The key thing to know about Assad, Mahjoub says, is that "he doesn't manage by crisis. He works based on importance, not urgency, and has a very clear, pragmatic and critical thinking that he uses."
Yet crises have defined his time in office, from 9/11 and its fallout on the Muslim and Arab world, the 2003 Iraq war, the 2005 assassination of former Lebanese prime minister Rafik Hariri (which precipitated the Syrian military's withdrawal from Lebanon and a prolonged period of regional and international isolation that Syria has now emerged from), as well as the 2006 Lebanon war.
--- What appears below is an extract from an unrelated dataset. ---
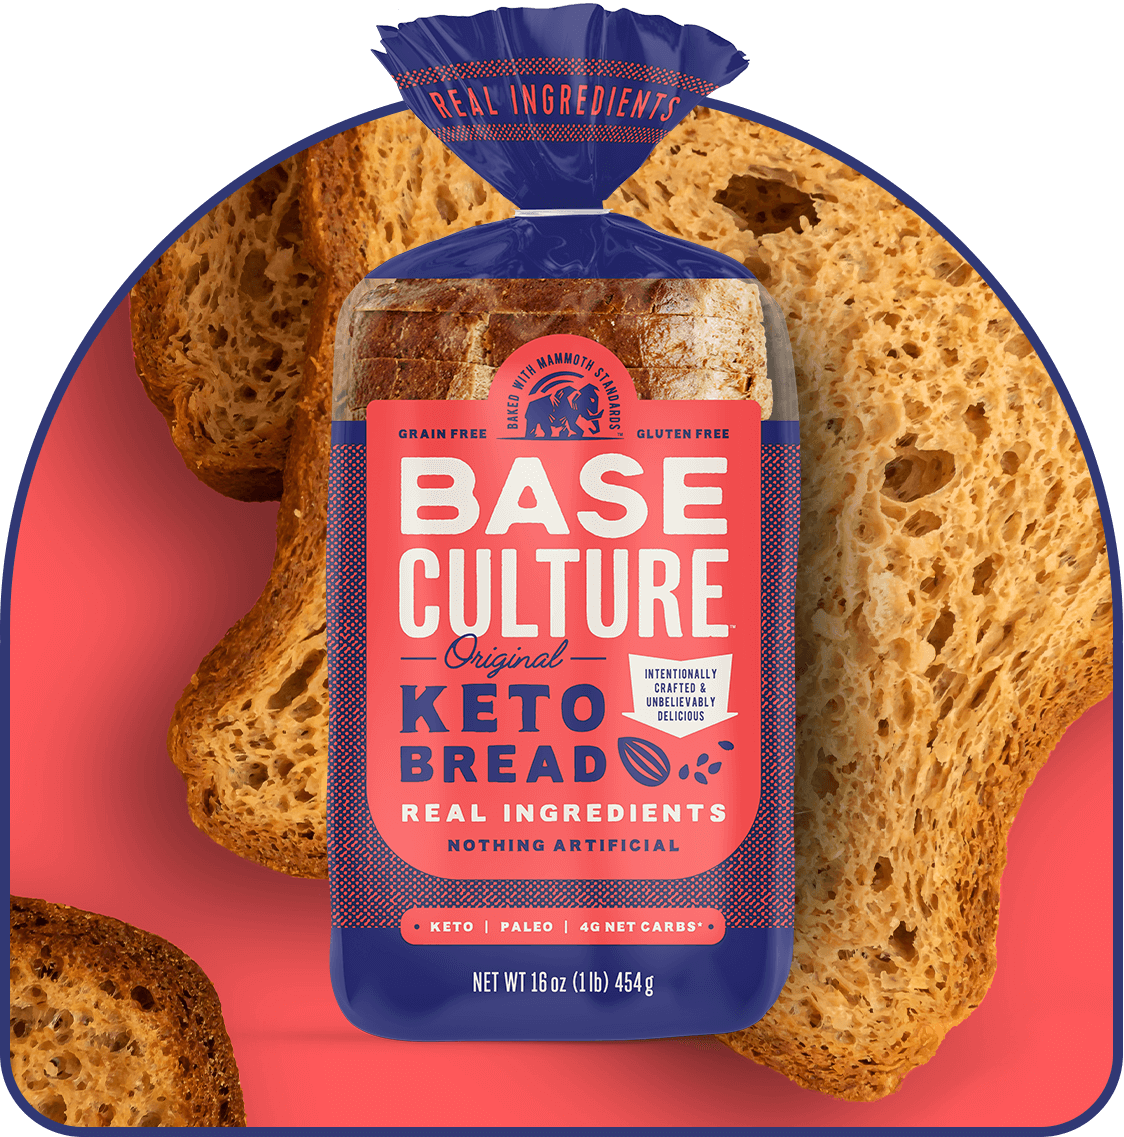 Original Keto Bread

Brian J. Davis, Canada's ambassador to Syria from 2003 to 2006, says that Assad is not a "creative" leader who will take risks or act in haste. "He will never easily concede to anything under pressure," he wrote on Professor Joshua Landis' influential blog, Syria Comment. Davis said that it was no surprise that Assad "offered nothing" in his much-awaited speech to parliament on March 30. It was his first public statement since the protests began and disappointed many who were expecting him to announce wide-ranging reforms. Instead, he blamed foreign conspirators and satellite media channels for fomenting dissent. "He has made a number of decisions that were not even necessarily in Syria's interests rather than be seen to give in to outside arm twisting (even his speech can be seen in that light)," Davis wrote.
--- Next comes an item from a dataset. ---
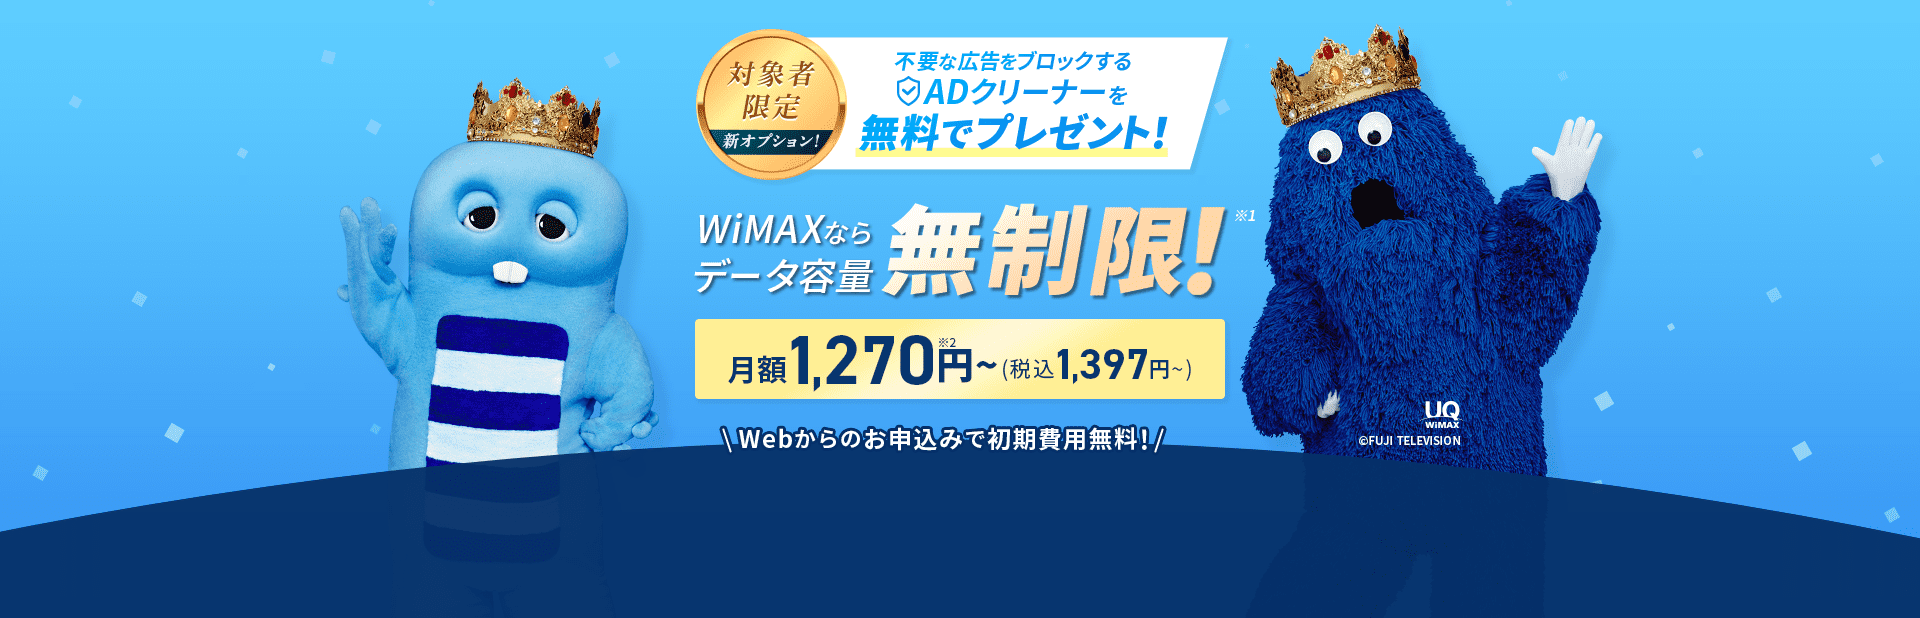 WiMAXならデータ容量無制限※1

Assad has largely stayed out of the public eye during the crisis, recalling his father's distant mien, an image at odds with his public persona as an everyman dining in Damascus's restaurants with his young family and strolling through its souks. Mahjoub says its because Assad isn't "a tactical, retail politician. He doesn't like to talk to impress, he likes to talk to achieve." Abdel-Nour has a different interpretation. Assad is the public face of the regime, he says, and the less people see of him now, the less likely they are to associate him with the unrest. "If Assad loses this image, the respect people still have for him, the regime is finished," he says.
Abdel-Nour is now estranged from Assad, personally and politically. The pair remained close friends for decades after college, attending family dinners and birthday parties, until a few years after Assad inherited the presidency upon his father's death in 2000. Abdel-Nour rose through the ranks of the ruling party to become one of only 500 civilian members of the prestigious Ba'ath Congress of loyalists (the other 600 places are reserved for military and intelligence officers), before defecting from the regime and becoming one of its leading critics, editing an independent website all4syria.org from the safety of Dubai. He says the coterie of intelligence officials, part of the "old guard" of the regime, alienated many of the young president's former friends and associates. "It wasn't just the case with me, it was the case with a lot of his friends," he says. "We had to stay away. We were told by bad people who are still now in their positions, so I can't talk about them." Assad has publicly denied that elements of the regime have curtailed him.
Still, Abdel-Nour is clearly torn about a man he once admired. "He's a very dear friend to me," he said several times, in the present tense, while talking to TIME. For the Syrian crisis to end, he says, Assad the man will have to overrule Assad the president. "He should listen to the people and listen to his heart before being a president," he says, "because he will know what he should do."